Andrew Robinson creates great art. Period. We've known it for a while now and we think you should, too. Just take a look at his beautiful covers for Starman and Hawkman, or check out the cowboy-noir storytelling in his own book, Dusty Star. Clearly greatness abounds in the guy's work.
The question that's always boggled my mind though (and I'm an easy boggler)—is why can't I see more? I love everything he puts out, but I'm greedy. Why can't I get a monthly book and covers? Hell, some trading cards and a yearly art book?! Hmm...

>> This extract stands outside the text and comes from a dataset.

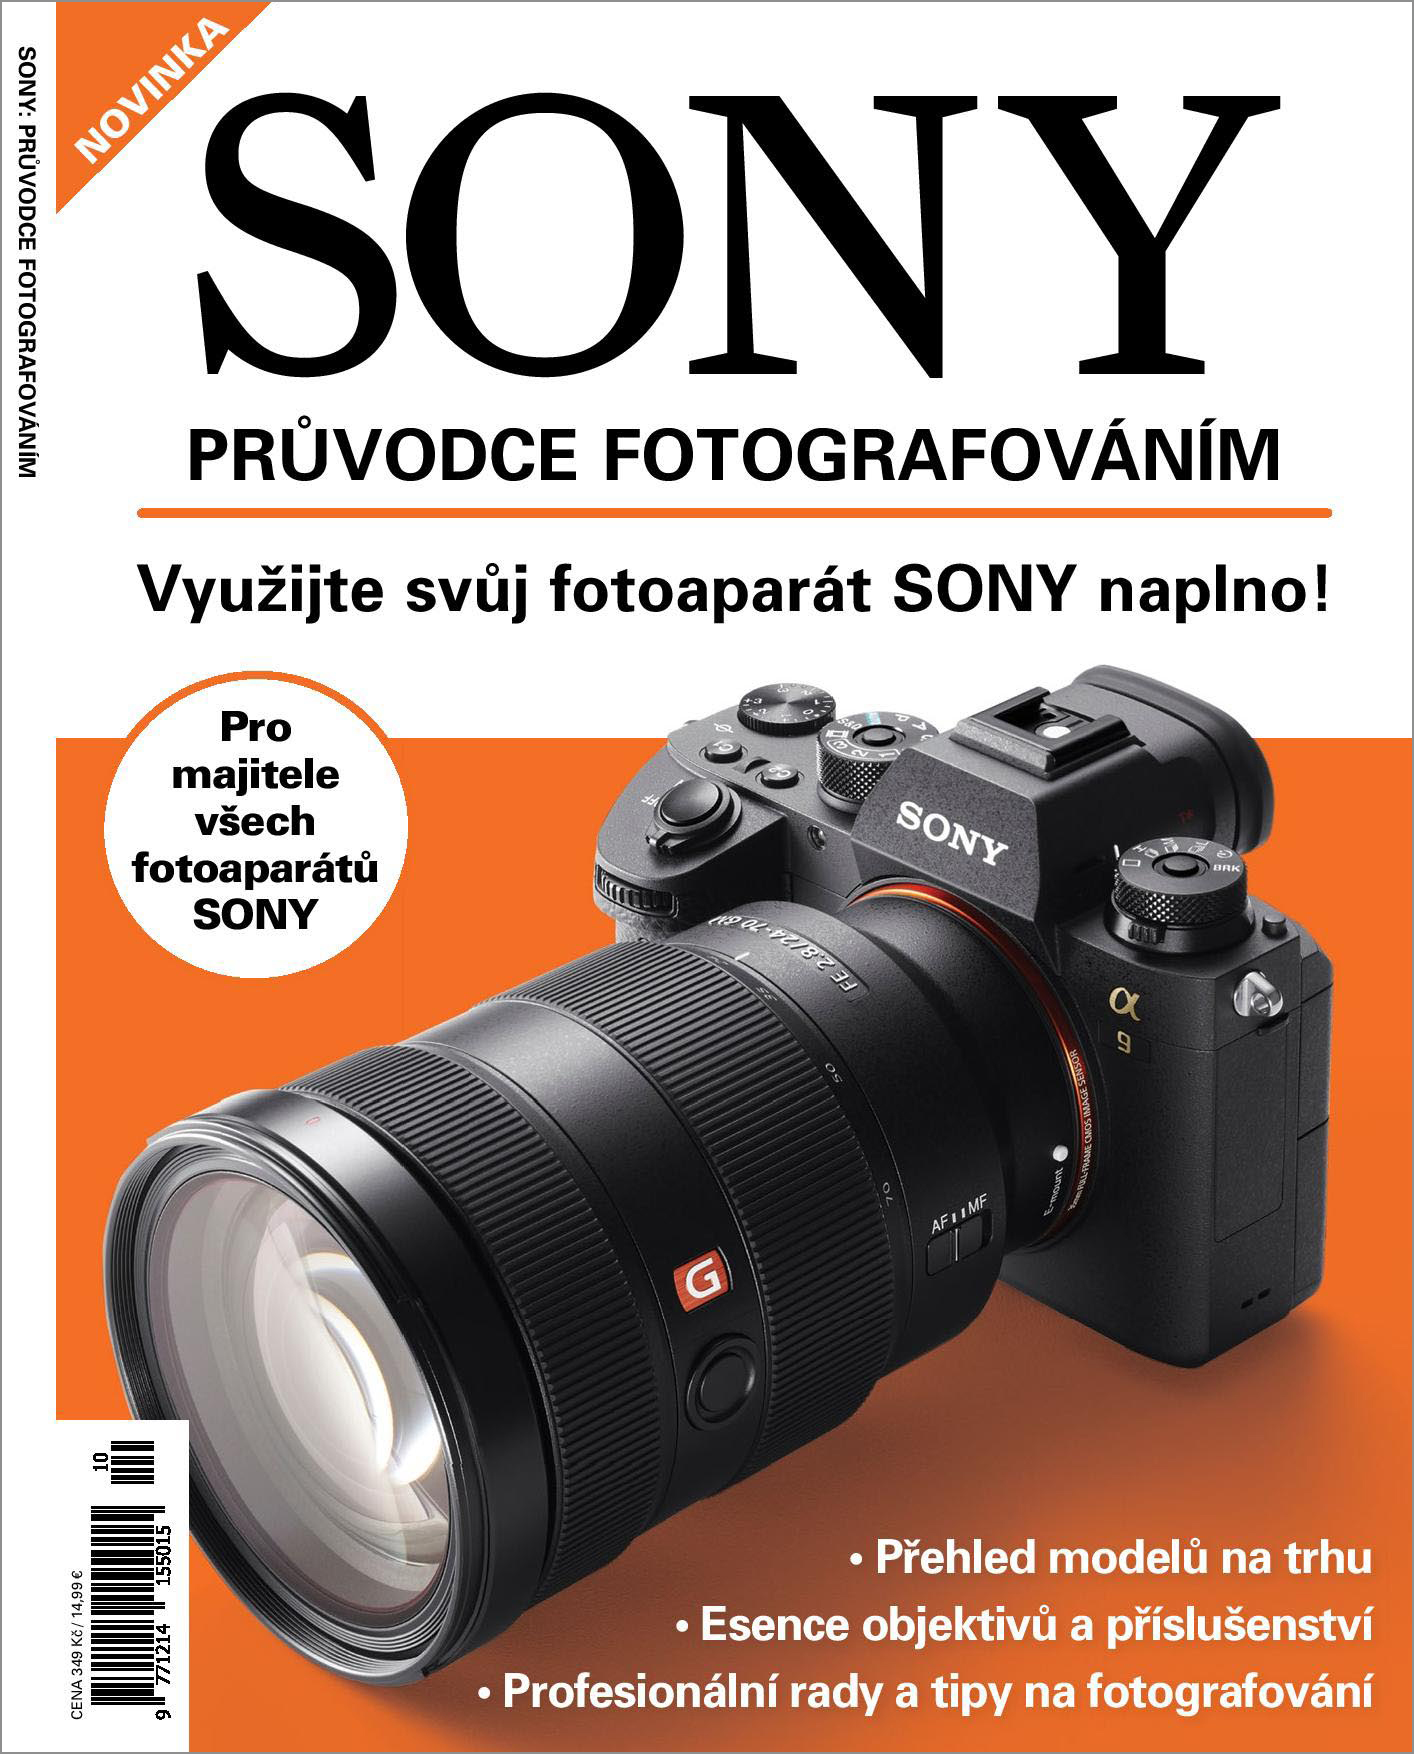 Kolektiv autorů – SONY – Průvodce fotografováním

In our interview with Andrew, we get a clue as to why he doesn't always do more. Or at least, a partial clue. It's not because he doesn't want to, that would be silly. And it's not because he's slow, although he openly admits to having missed a deadline or two. I won't divulge the clue here, but you'll know it when you hear it. And the worst part about it for me was, after hearing it—I was frustrated more! In a perfect world, all my favorite creators, like Robinson, would be left alone to do what they do best...create. And they'd be well paid for doing so (ahh, what a world that would be—naivete, I love you)!

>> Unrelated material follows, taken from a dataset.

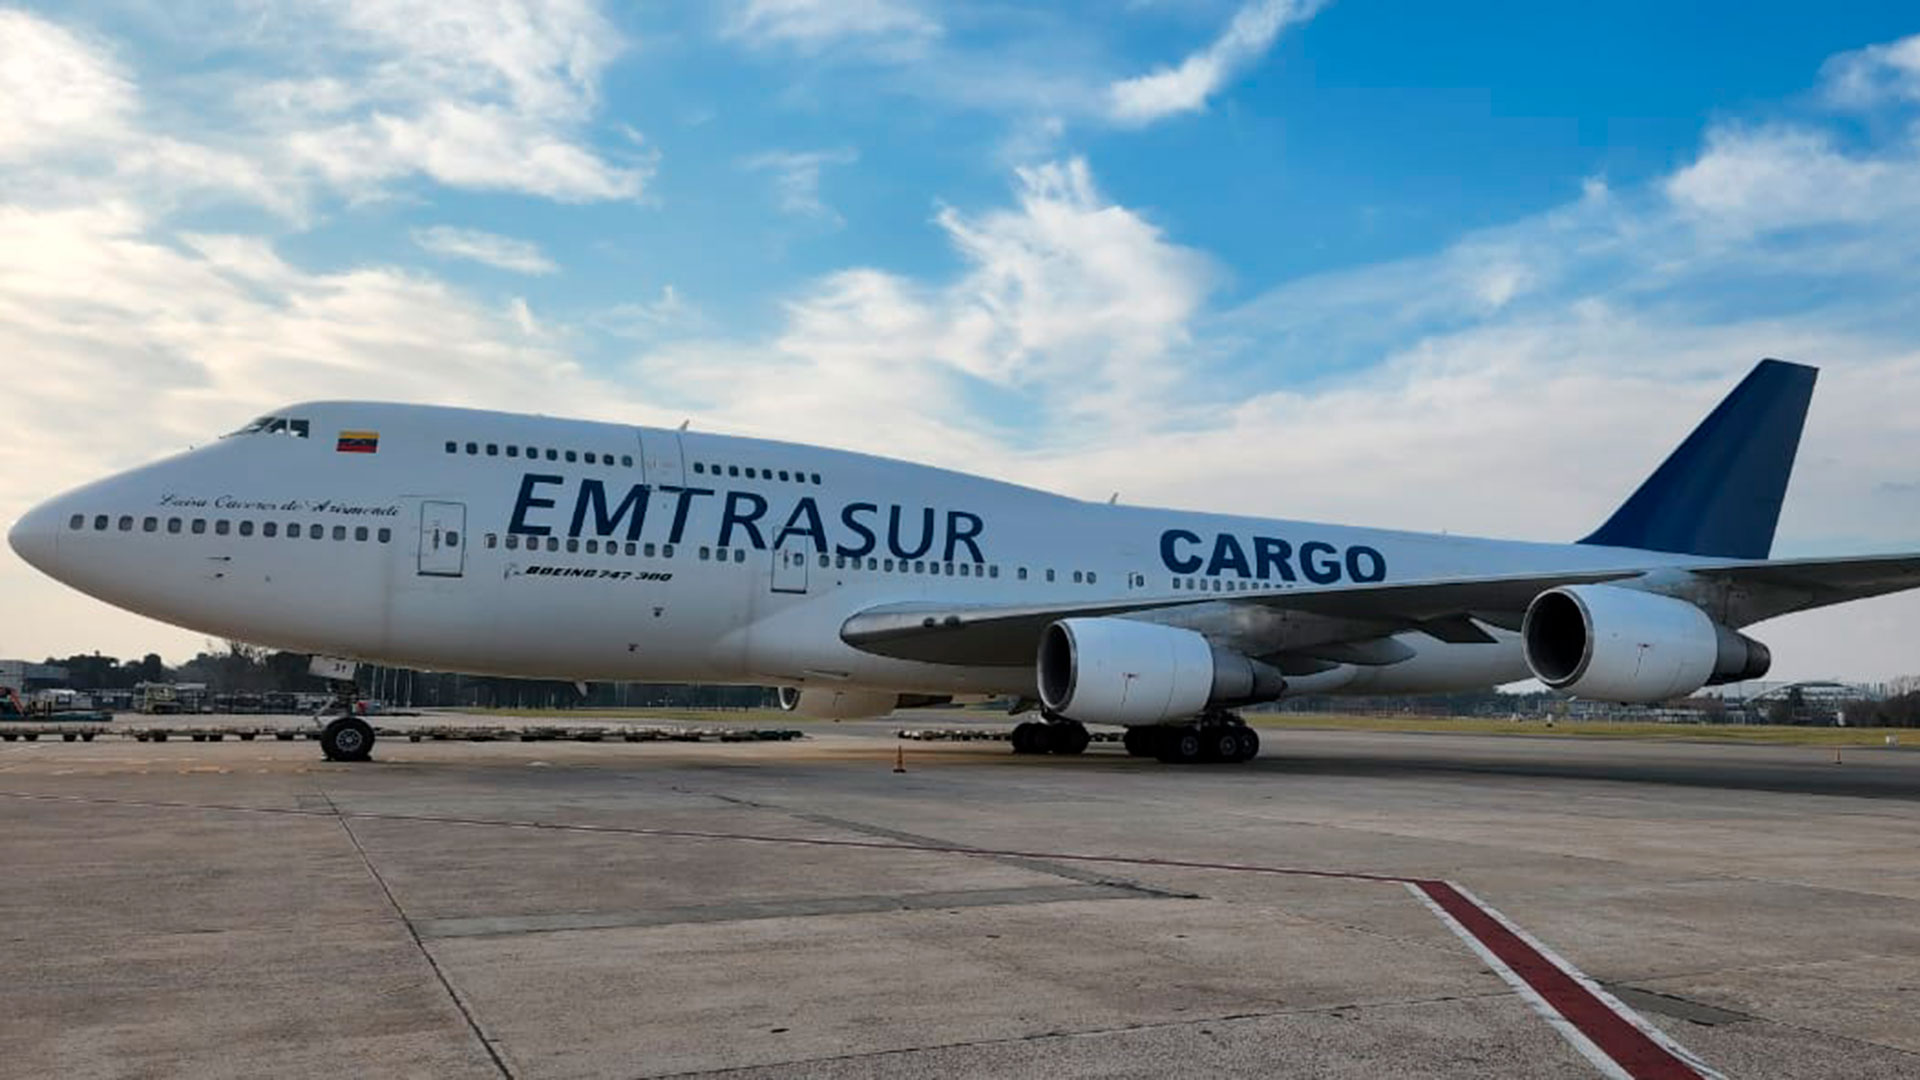 El avión Boeing 747 Dreamliner de carga, fue propiedad de la empresa iraní Mahan Air y actualmente pertenece a Emtrasur

In the last 15 years, my man Andrew has worked for Marvel, DC, Dark Horse, Image, Upper Deck, Wizards of the Coast and more. He created Dusty Star (his baby), started a fine art career out in California and recently took the leap into music. That's right, he's written some lyrics for a band project called Space Junkies (Hey, Suki).
I kinda hesitate to use the word phenom (although I just did), but the guy draws like Bridgeman, paints like Loomis, tells stories like De Palma and always leaves you wanting more. And more is what I want, dammit! I kid...
From where I sit, you don't have to look far to see the greatness in Andrew Robinson's work. Just open your eyes, it's right there.